I always believed IB's risk aversion was a good thing that protected customers like me, and people who complained about margin were just whiners who were taking too much risk anyways (naked option selling, etc). Seeing how their system behaves now, I no longer believe this.

This is, by far, the most profitable trading environment I've ever seen in my career. It might be once in a lifetime. And IB is hamstringing us with this goofy margin system. I am making a week worth of profits every day, but I could be making more than 2x that with a proper 15% PM account. (This is straight up equity trading by the way, cash neutral portfolios, no options.)

I hope IB gets their act together, but I am actively looking into switching brokers at this point.

What products are you trading?
 
That implies all holdings going to zero because in the end it's about protecting the company not the customer's funds.
I've yet to see any mid to large cap equities drop even 50% overnight, never mind 100%.

Yup. But is correlation risk for IB. They have 100mm in equity and 5bn in customer deposits (for example). If everyone borrows the max under regt then IB has to borrow 5bn from some counterparty. If 2percent of the customers blow up, then IB is finished.

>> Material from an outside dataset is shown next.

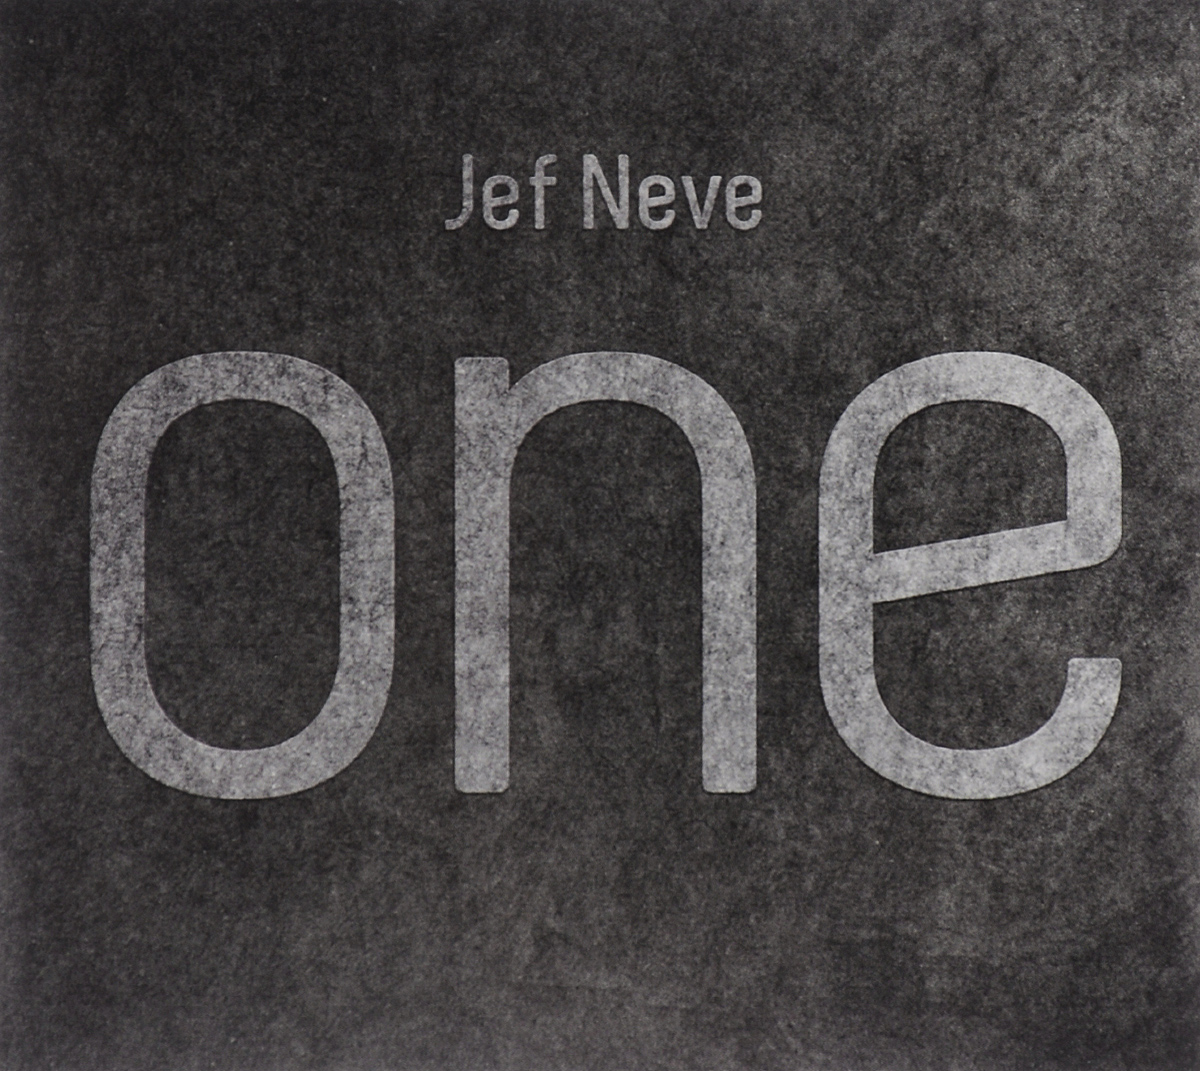 Джеф Неве Jef Neve. One

Further, If the repo lines/LOC get pulled then IB may not be able to fund all the customers who want margin. So they should make it more painful to borrow funds.

This is the systemic risk in the system right now.
 
I'd say 75% of futures traders are intraday clients only using intraday margin

Approx 5-10% of futures trading volume is retail per the last CME stat's I looked at. Retail futures day traders are the minnows, not the whales.

IBs futues margins are to high - twice that of any other top tier retail brokers.